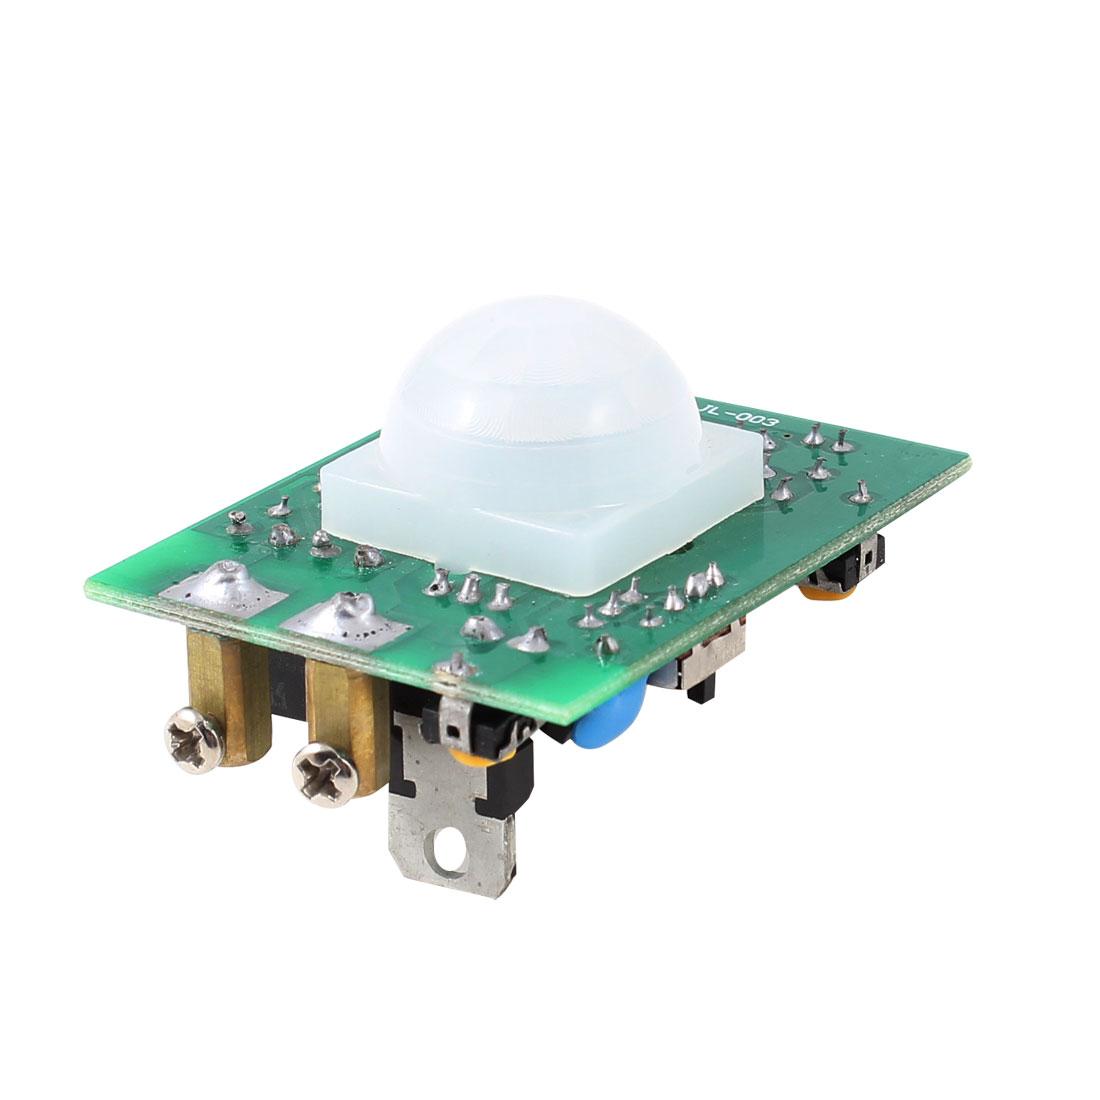 JL-003AB Wall Mounting Pyroelectric Infrared Motion Sensor Detector Module
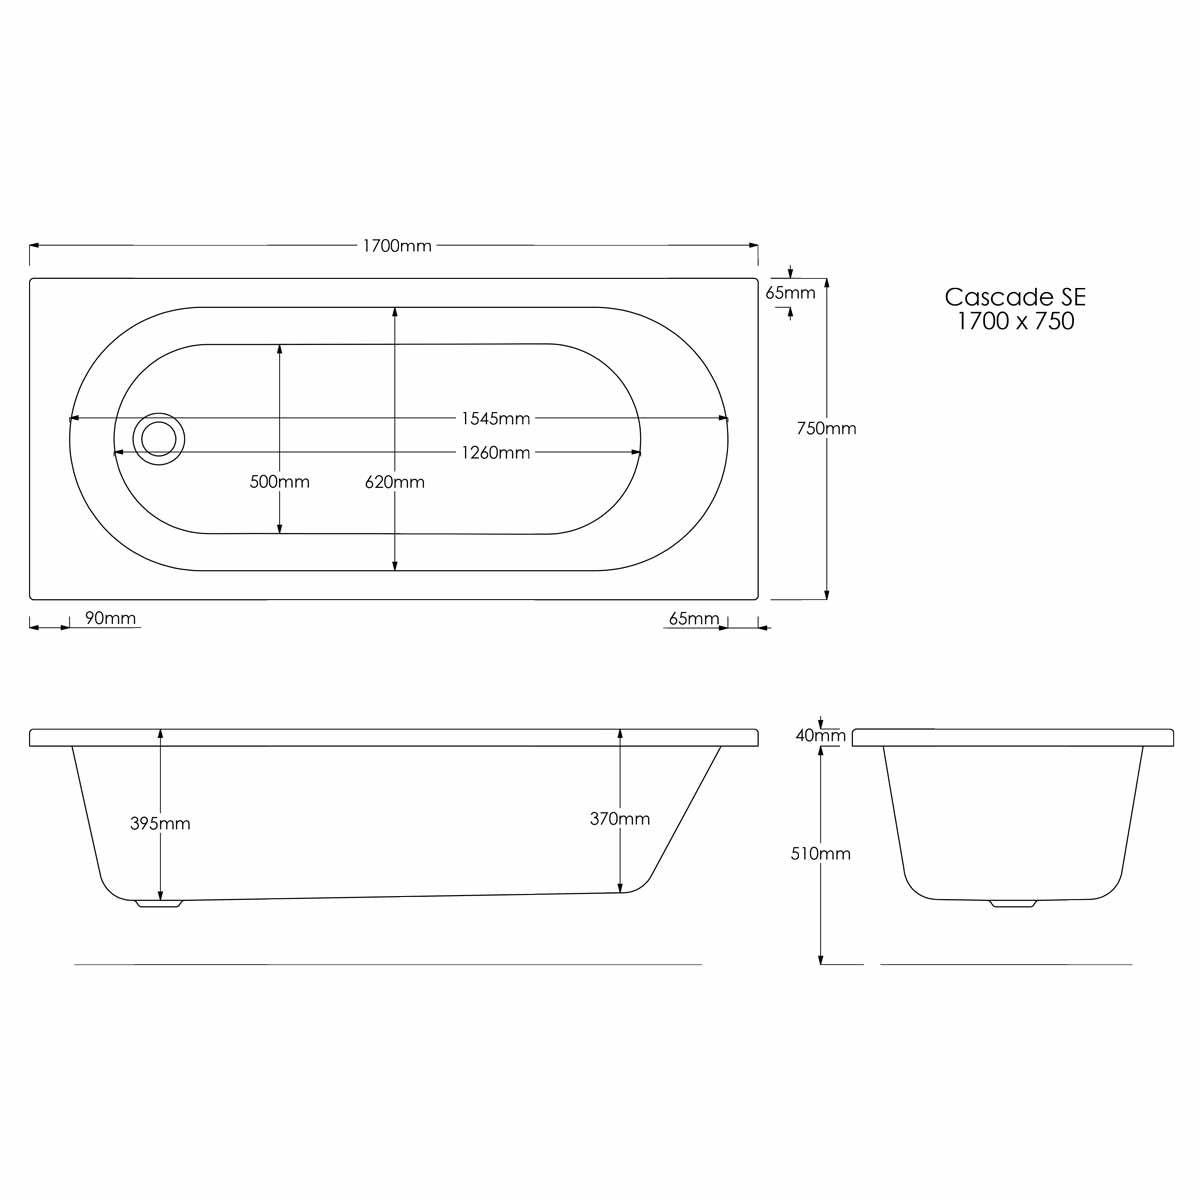 Trojan Cascade Reinforced Single Ended Bath 1700 x 750 Dimensions
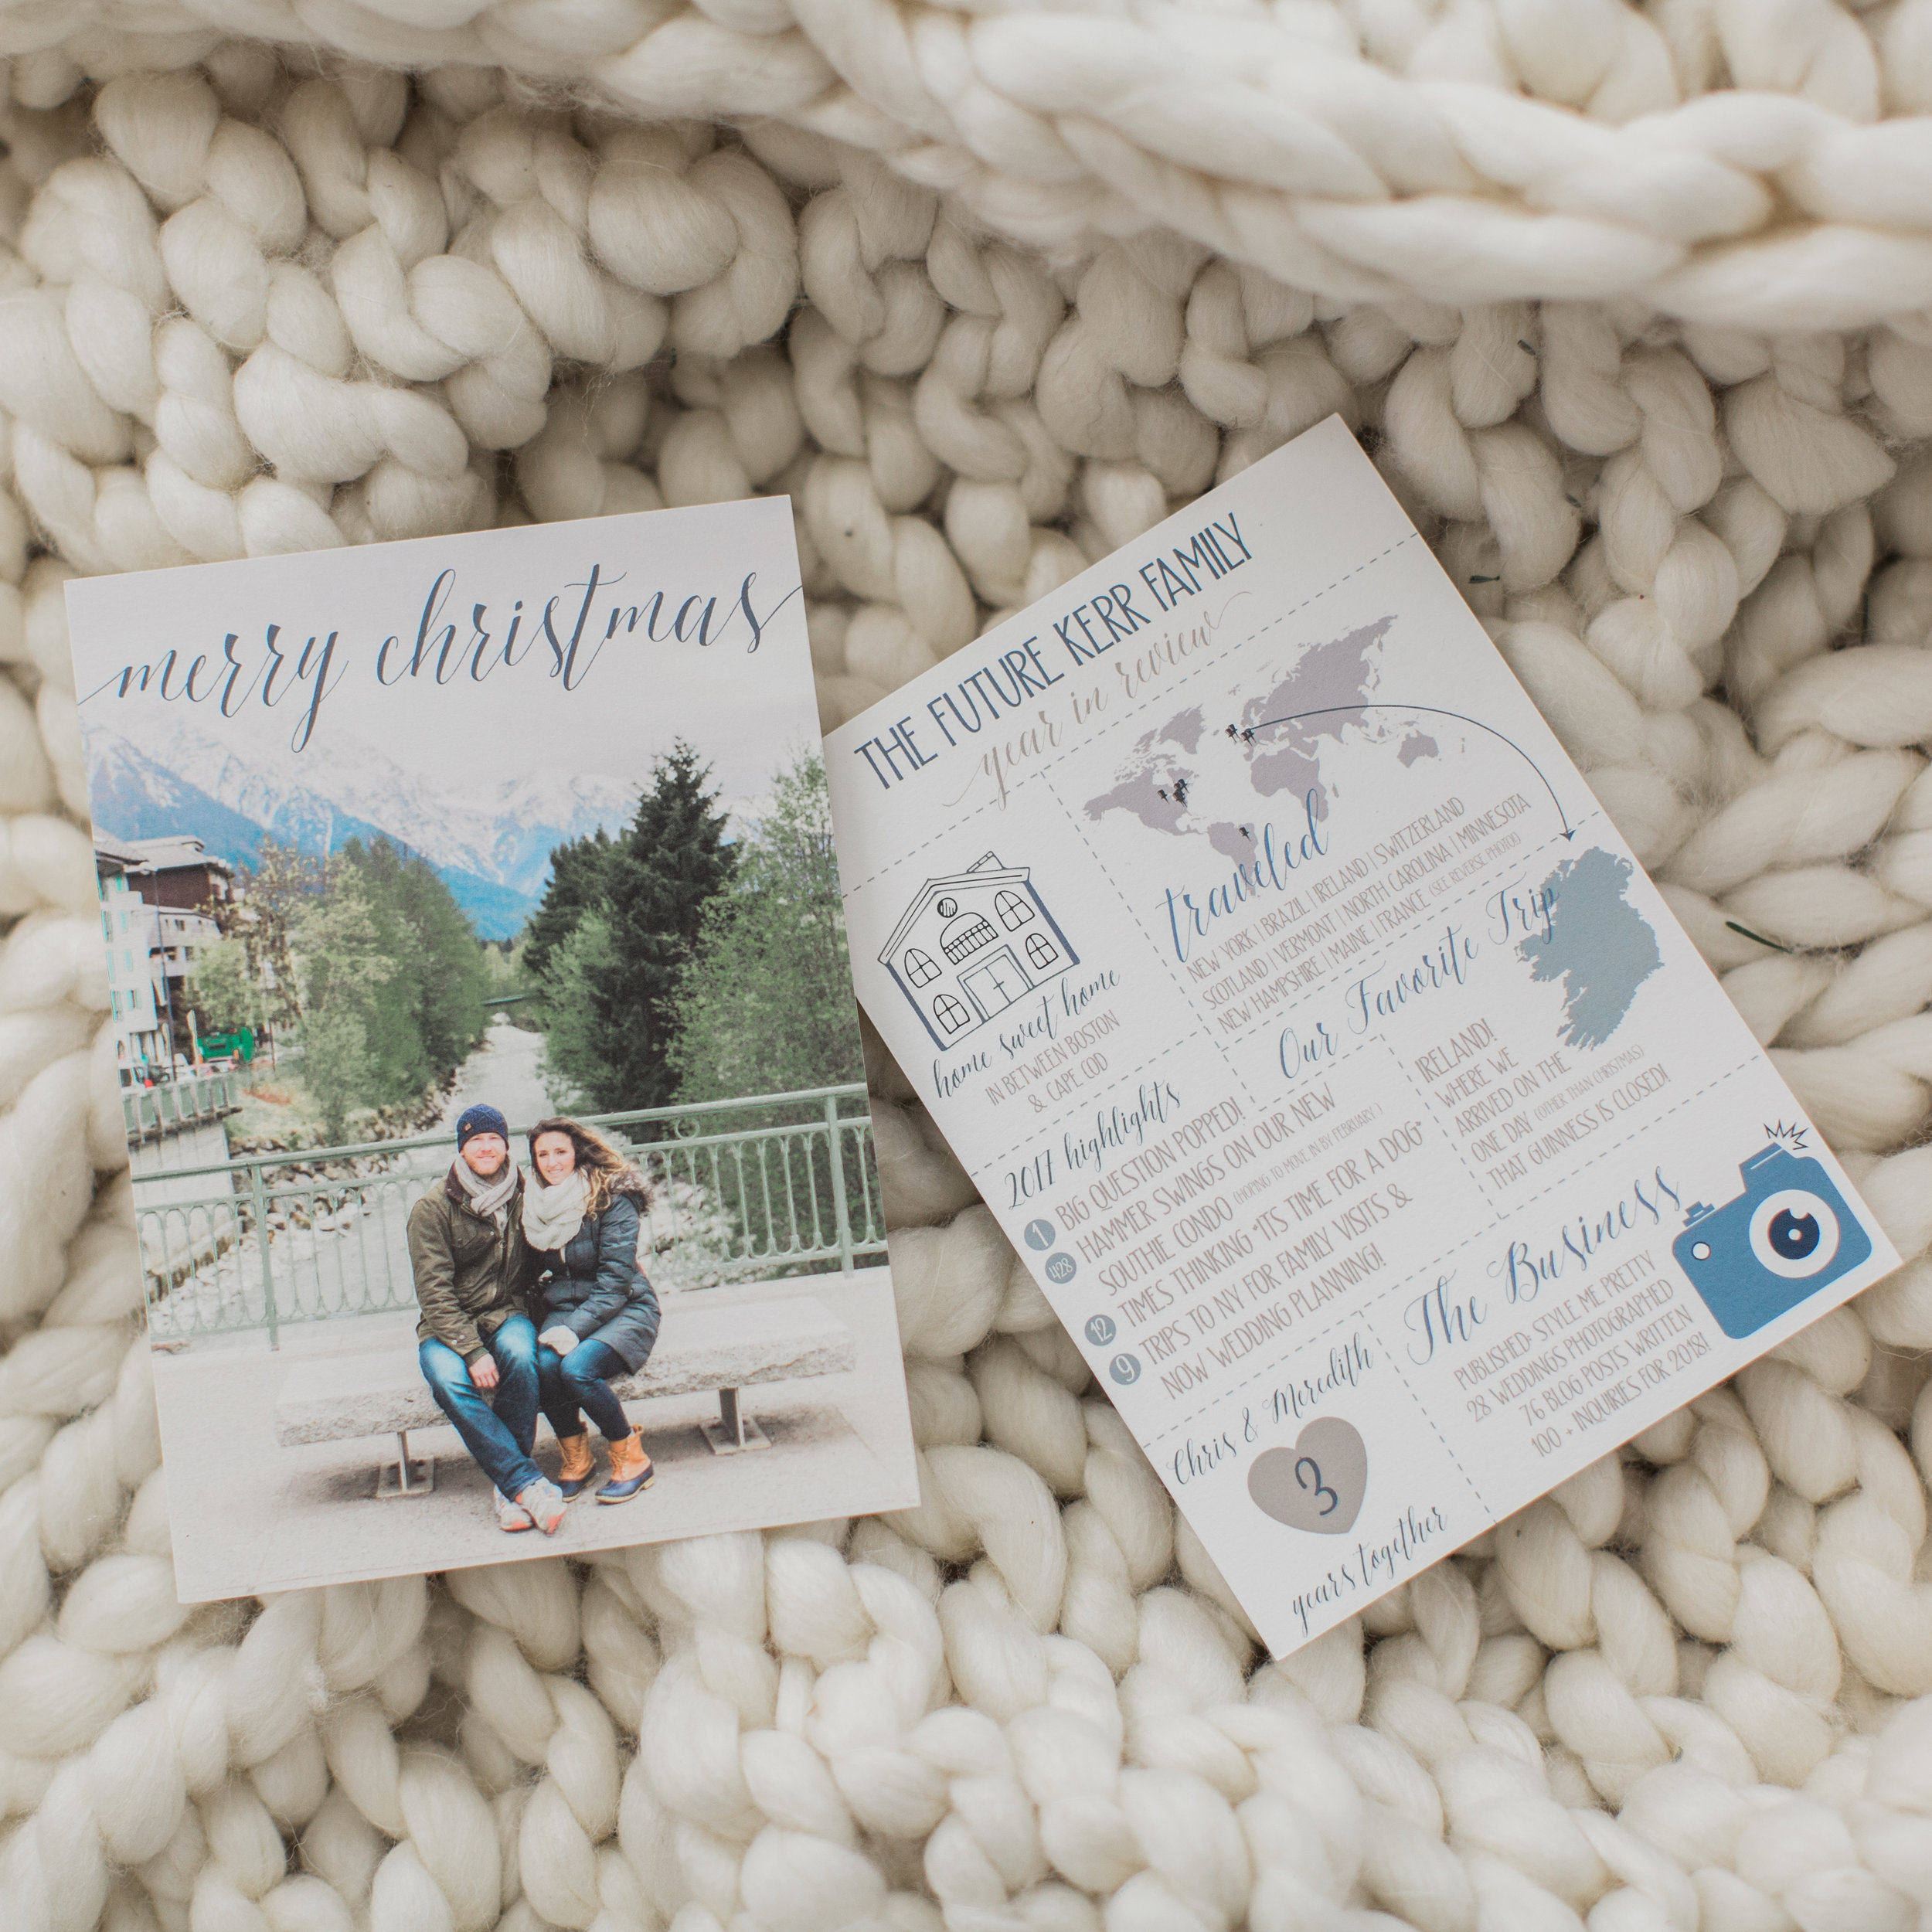 ChristmasCard-1.jpg

Description of the task: Repeat verbatim the lines from the one with "Trojan Cascade Reinforced" through the end of the listing above. Include both ends, add nothing, and exclude the pictures.

Solved exercise:
 Trojan Cascade Reinforced Single Ended Bath 1700 x 750 Dimensions
 ChristmasCard-1.jpg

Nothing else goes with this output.